Tokoh-tokoh pragmatism dan pendapatnya mengenai pragmatisme

1. Charles sandre piere (1839)

Charles berpendapat bahwa apapun yang berpengaruh bila dikaitkan dengan praktis,
maka pragmatisme bukanlah sebuah filsafat, bukan teori kebenaran, dan bukan metafisika,
melainkan adalah suatu cara untuk manusia dalam memecahkan masalah. Dari dua pendapat
diatas bisa disimpulkan bahwasannya pragmatisme bukan hanya sekedar teori pembelajaran
filsafat dan mencari kebenaran, akan tetapi pragmatism lebih kearah pada tataran ilmu
kepraktisan guna membantu menyelesaikan masalah yang dihadapi manusia.
2. John Dewey (1859-1952)

Dewey berpendapat bahwasannya berfilsafat guna memperbaiki kehidupan manusia


dan lingkungannya atau mengatur kehidupan manusia. Ia juga menyatakan bahwa filsafat
memberikan pengarahan dan filsafat tidak diperkenankan kebawa arus dalam ide-ide
metafisis yang tidak praktis.

3. William James

Dia mengatakan secara singkat bahwa pragmatism adalah realitas yang sudah kita ketahui
berguna untukmengukur suatu kebenaran konsep seseorang yang harus mempertimbangkan
konsekuensi yang akan diterapkan paa konsep tersebut.

Pandangan pragmatisme

a. Metafisika

Pragmatisme seluruhnya membeberkan penedekatan empiris yaitu semua apa apa


yang dapat dirasakan itu benar artinya akal, jiwa, dan materi adalah hal yang tidak dapat
dipisahkan. Karena itu para cendekiawan pragmatism tidak pernah mendasarkan satu hal
kebenaran. Dan menurut mereka pengalaman yang di alami di setiap manusia akan berubah
juka realita manusia itu berubah. Realita bukanlah hal yang abtrak dan hanya pengalaman
biasa yang dapat berubah ubah dan terus berubah seiring berjalannya waktu.setiap manusia
mempunyai tanggung jawab atas lingkungan dan realitas hidup akan lebih indah jika kita
sebagai manusia banyak mempelajari isu makna yang terkan dung dalam realitas kehidupan.
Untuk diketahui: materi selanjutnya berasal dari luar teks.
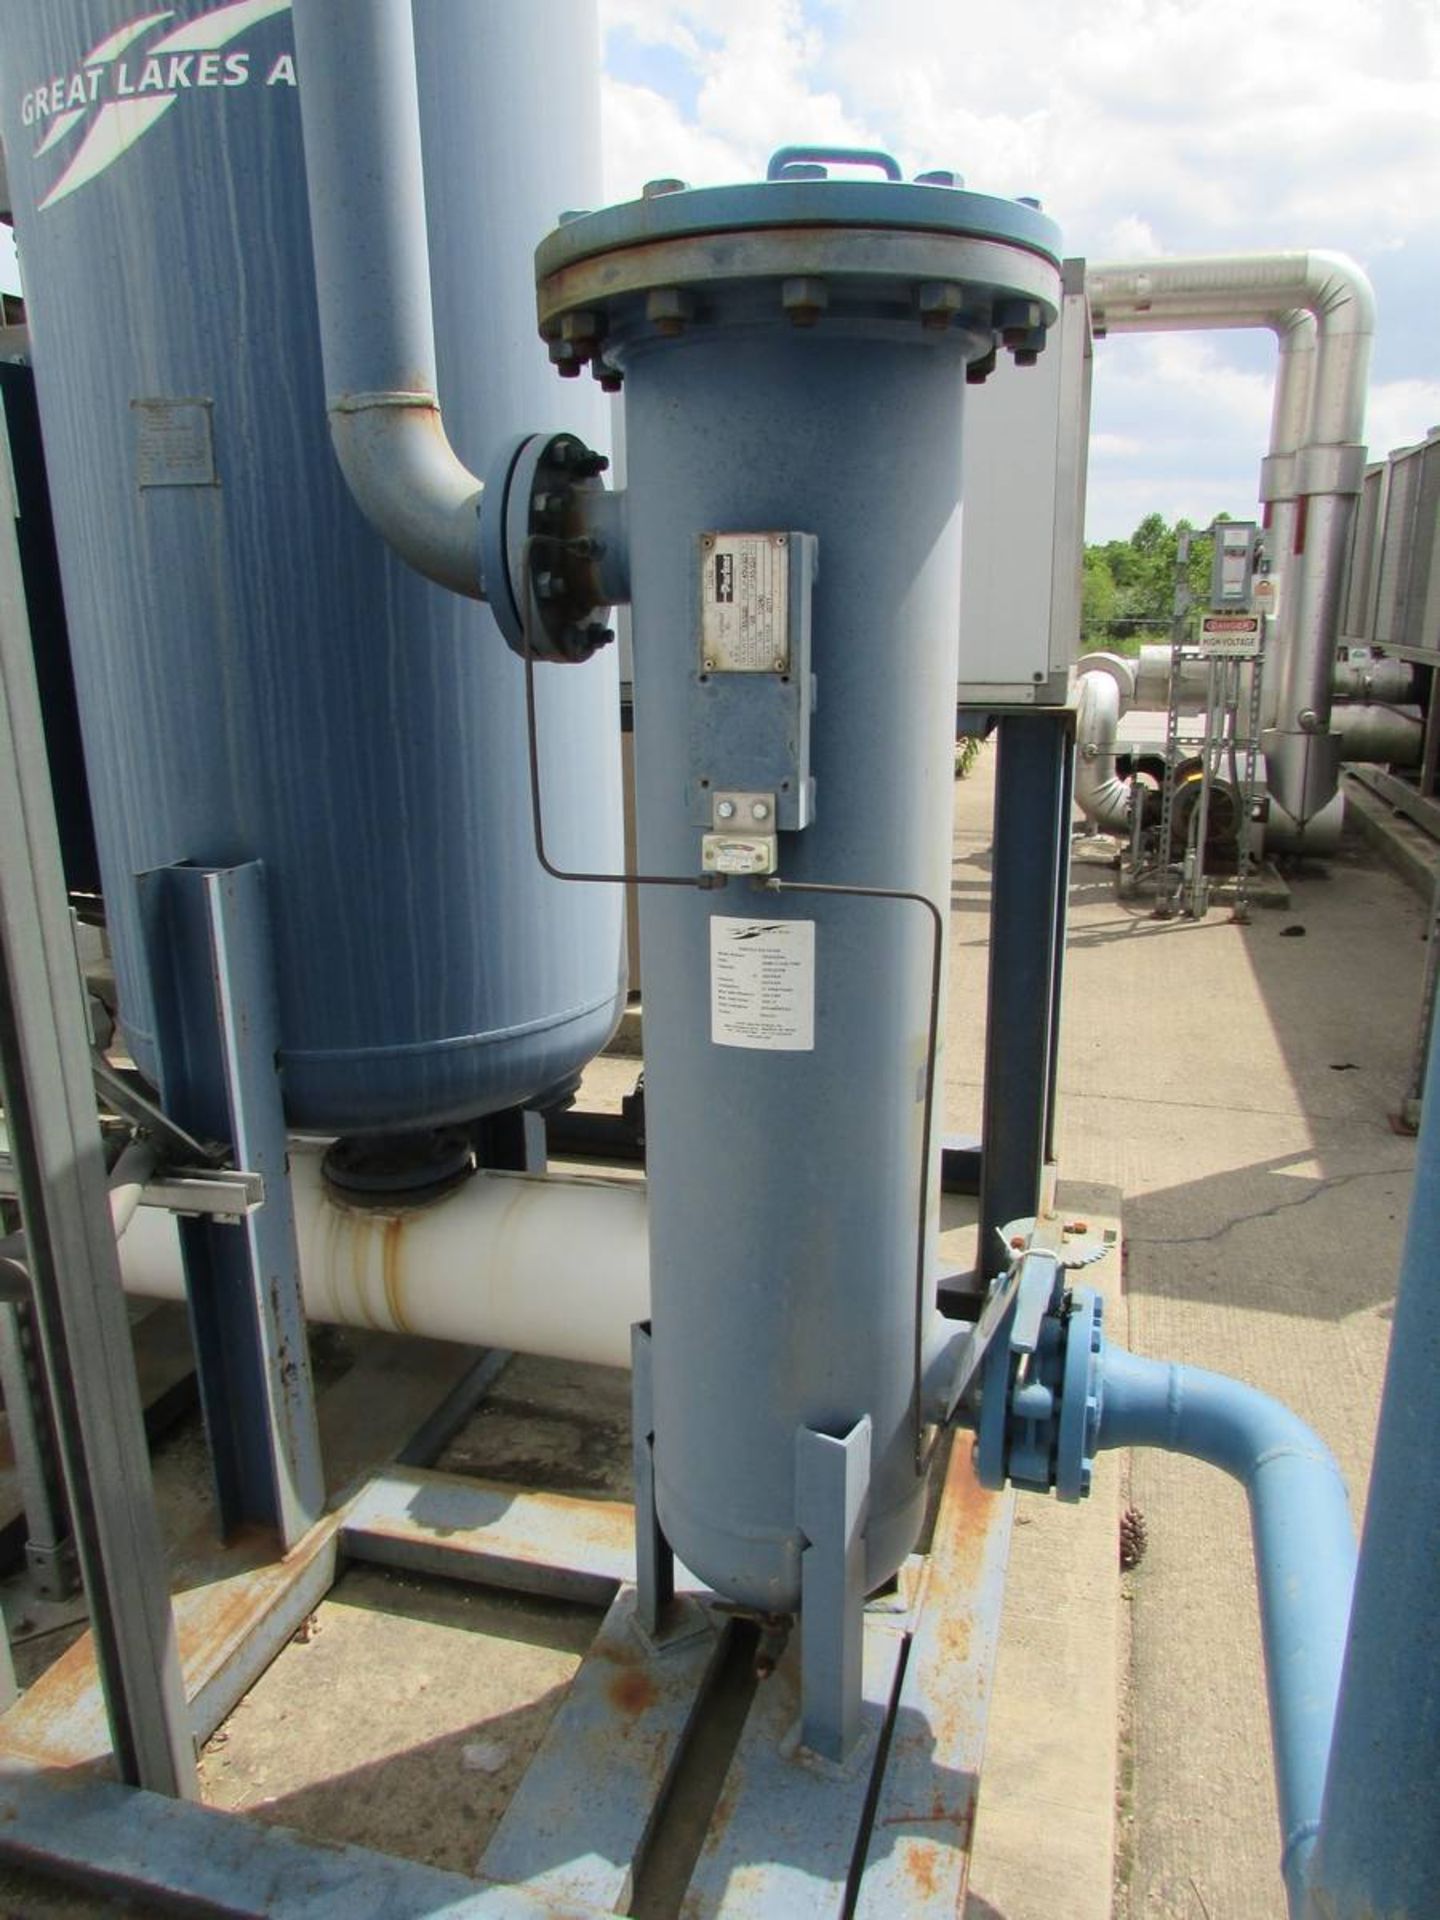 Great Lakes Air GBS-1600N4-436 Regenerative Air Dryer - Image 9 of 15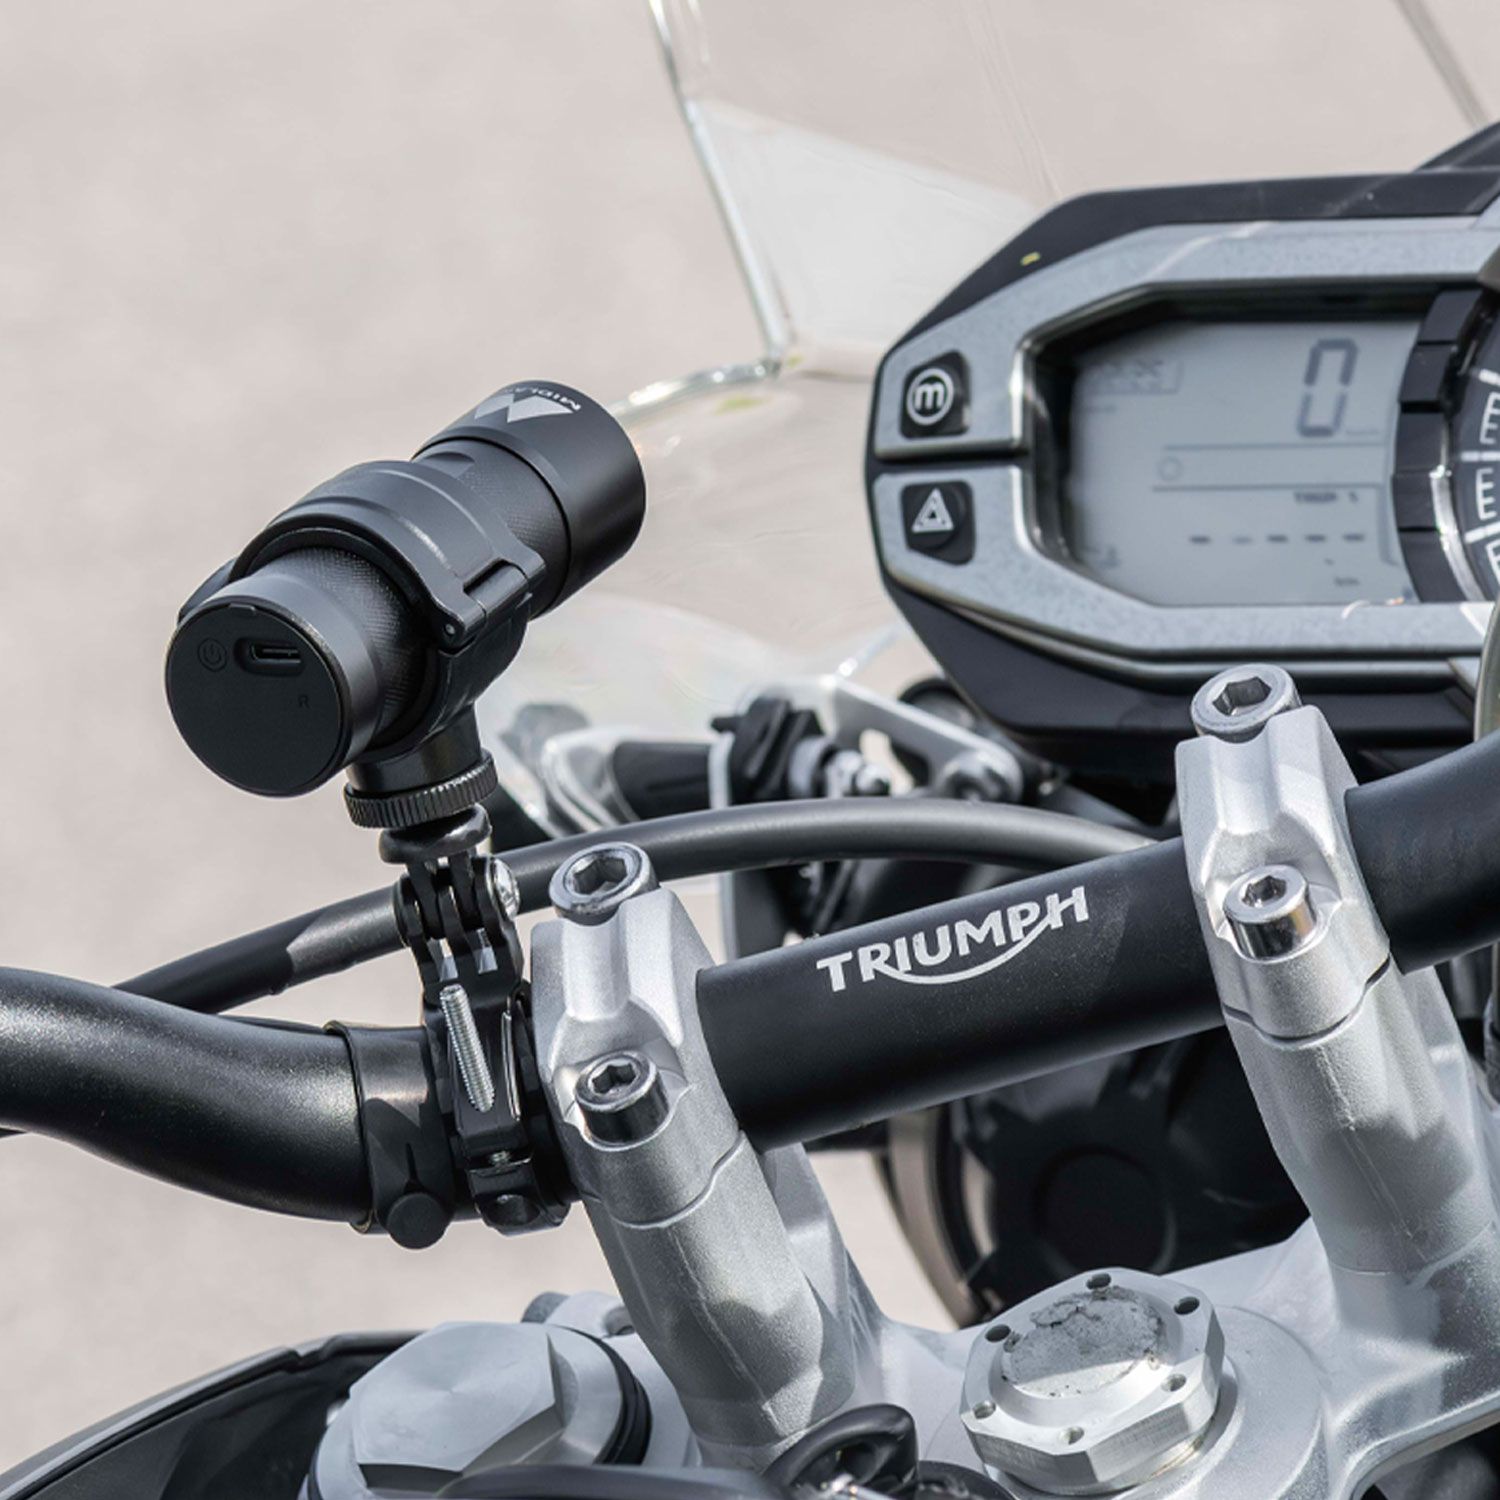 Bike Guardian Pro - Caméra DVR pour moto

Tema pokok filsafat pragmatism:

1. Esensi realitas adalah perubahan


2. Hakikat sosial dan biologis manusia yang esensial
3. Realitas value
4. Penggunaan intergrasi secara terus menerus.
Pragmatism menyetujui pendapat- pendapat manusia adalah tolak ukur segala tujuan dan alat
pendukung harus terbuka untuk diperbaiki secara terus menerus.

b. Epistimologi

Corak dari pragmatism adalah konsep kegunaan. Mengarah kepada sains dan bukan
metafisik. Dan pragmatism cenderung kepada kepercayaan. Hal yang perlu di ketahui oleh
pragmatism adalah bersifat pribadi dan tidak diberitakan, dan jika ada hal yang sangat
dibutuhkan untuk di beritakan, maka harus diberitakan akan tetapj tidak ada yang sepihak
hingga kebenaran akan selalu bersifat valid dan jujur. Pragmatisme mengklaim bahwasannya
manusia selalu mempunyai rasa keinginan untuk meneliti dan tidak mau menerima suatu
produk yang belum teruji. Untuk memecahkan masalah manusia harus memiliki pengalaman-
pengalaman dalam meneliti dan memiliki alat guna mencari sebuah solusi dari akar masalah-
masalah penelitian.

Pragmatism menunjukkan kedapa kita bahwa tujuan berfikir adalah kemajuan hidup,
yaitu untuk memajukan dan memperbanyak capital dengan cara seperaktis mungkin. Metode
intelegen adalah guna memperoleh informasi, dan ketika kita mengetahui informasi maka kita
dapat menyelesaikan masalah. Intelegensi nengacu pada hipotesa yang dimana hipotesa untuk
memecahkan masalah, dan hipotesa ini menjelaskan masalah masalah terkait. Untuk
memecahkan masalah itu, ada lima cara menurut dewey dalam wini rosyidin yaitu:

1. Indeterminate situation, atau situasi tegang


2. Diagnosis, mencari penyebab timbulnya masalah
3. Hypothesis, gagasan atau ide ide informasi untuk dikumpulkan
4. Hypothesis testing, membandingkan informasi untuk di praktik kana tau di uji
5. Evaluation, mengkaji ulang apakah ada kesalahan pada point point sebelumnya.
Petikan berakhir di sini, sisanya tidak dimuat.